Maximum number of attempted adaptive steps to execute in this call. The run may return earlier due to candidate starvation or BTL stop criteria. Attempted invalid steps also count toward this limit.

fit_fn

Optional fit override passed to adaptive_rank_run_live().

adaptive_config

Optional named list passed to adaptive_rank_start() and adaptive_rank_run_live() to control adaptive controller behavior. Supported fields: global_identified_reliability_min, global_identified_rank_corr_min, p_long_low, p_long_high, long_taper_mult, long_frac_floor, mid_bonus_frac, explore_taper_mult, boundary_k, boundary_window, boundary_frac, p_star_override_margin, and star_override_budget_per_round. Unknown fields and invalid values abort with actionable errors.

btl_config

Optional named list passed to adaptive_rank_run_live() to control BTL refit cadence, stopping diagnostics, and selected round-log diagnostics.

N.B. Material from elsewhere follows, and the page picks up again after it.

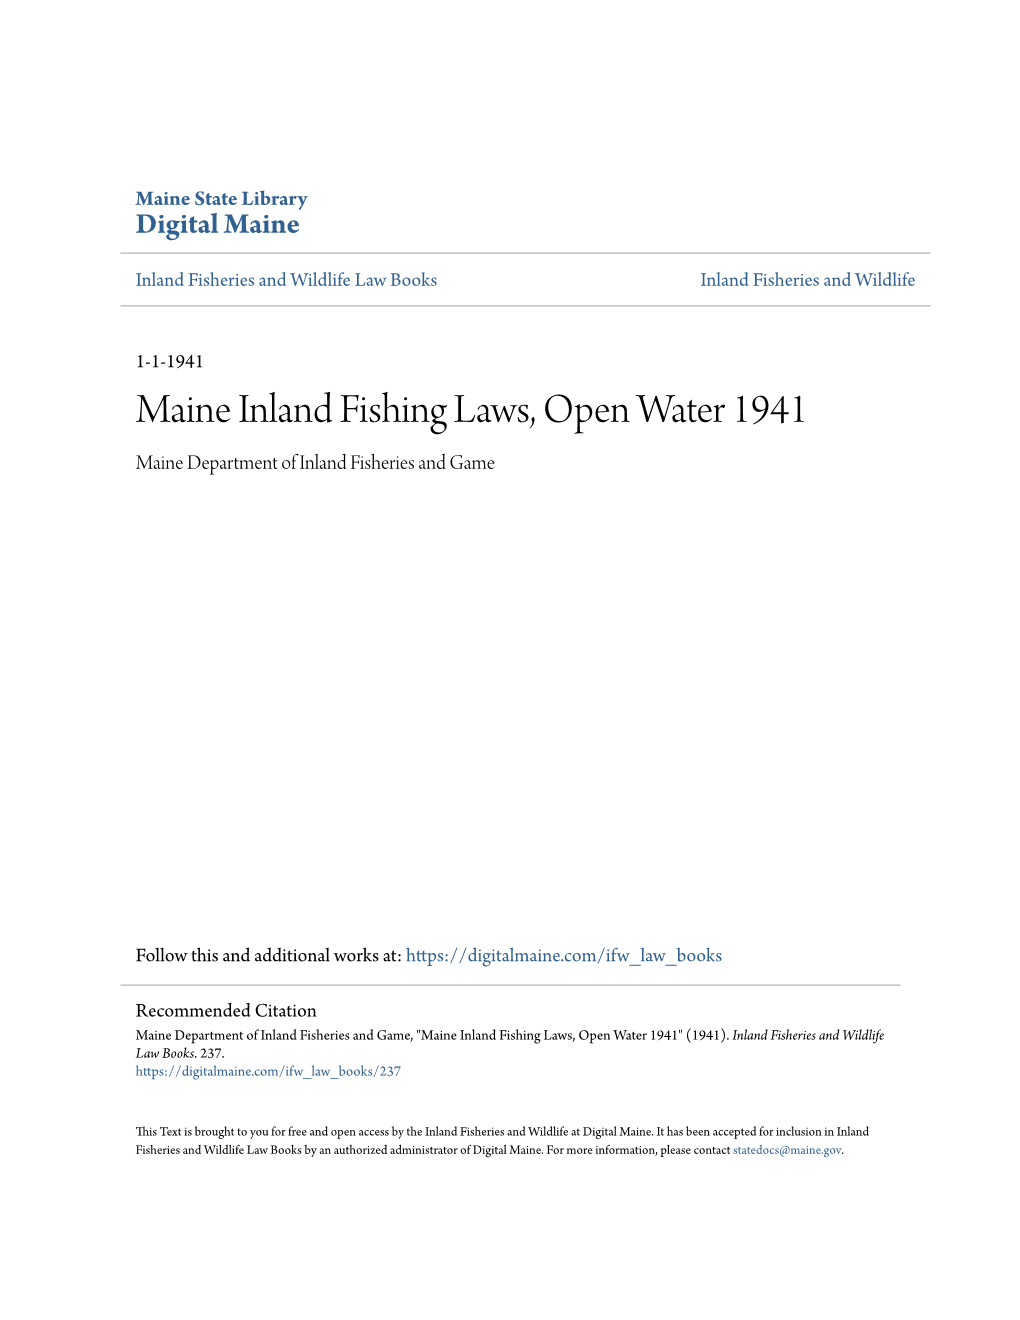 Maine Inland Fishing Laws, Open Water 1941 Maine Department of Inland Fisheries and Game

Supported fields: refit_pairs_target, model_variant, ess_bulk_min, ess_bulk_min_near_stop, max_rhat, divergences_max, eap_reliability_min, stability_lag, theta_corr_min, theta_sd_rel_change_max, rank_spearman_min, near_tie_p_low, and near_tie_p_high (near_tie_* affects round logging only, not stop decisions). Defaults are resolved from the current item count and merged with user overrides.

session_dir

Optional session directory for persistence/resume.

persist_item_log

Logical; write per-refit item logs when TRUE.

resume

Logical; when TRUE and session_dir contains a valid session, resume from disk; otherwise initialize a new state.

seed

Integer seed used when creating a new adaptive state.

progress

Progress mode for adaptive_rank_run_live().

progress_redraw_every

Redraw interval for progress output.

progress_show_events

Logical; show step events.

progress_errors

Logical; show invalid-step events.

save_outputs

Logical; when TRUE, save returned outputs as .rds.

output_file

Optional output .rds path. If NULL and save_outputs = TRUE, defaults to file.path(session_dir, "adaptive_outputs.rds") when session_dir is set, otherwise to a temporary file.

judge

Optional prebuilt judge function with contract judge(A, B, state, ...). If supplied, model/trait/template options are ignored and this function is used directly.

Value

A list with:

state

Final adaptive_state.

summary

Run-level summary from summarize_adaptive().

refits

Per-refit summary from summarize_refits().

items

Item summary from summarize_items().

logs

Canonical logs from adaptive_get_logs().

output_file

Saved output path when save_outputs = TRUE, otherwise NULL.

Details

This helper is designed for end users who want one entry point for adaptive runs. It supports:

  • data input from a data frame, file (.csv, .tsv, .txt, .rds), or a directory of .txt files;

  • model/backend configuration through make_adaptive_judge_llm();

  • all adaptive runtime controls exposed by adaptive_rank_run_live();

  • resumability via session_dir and resume;

  • optional saving of run outputs to an .rds artifact.

Model options: use judge_args (fixed) and judge_call_args (per-run overrides) to pass any additional llm_compare_pair() arguments, including provider-specific controls such as reasoning, service_tier, temperature, top_p, logprobs, include_thoughts, or host.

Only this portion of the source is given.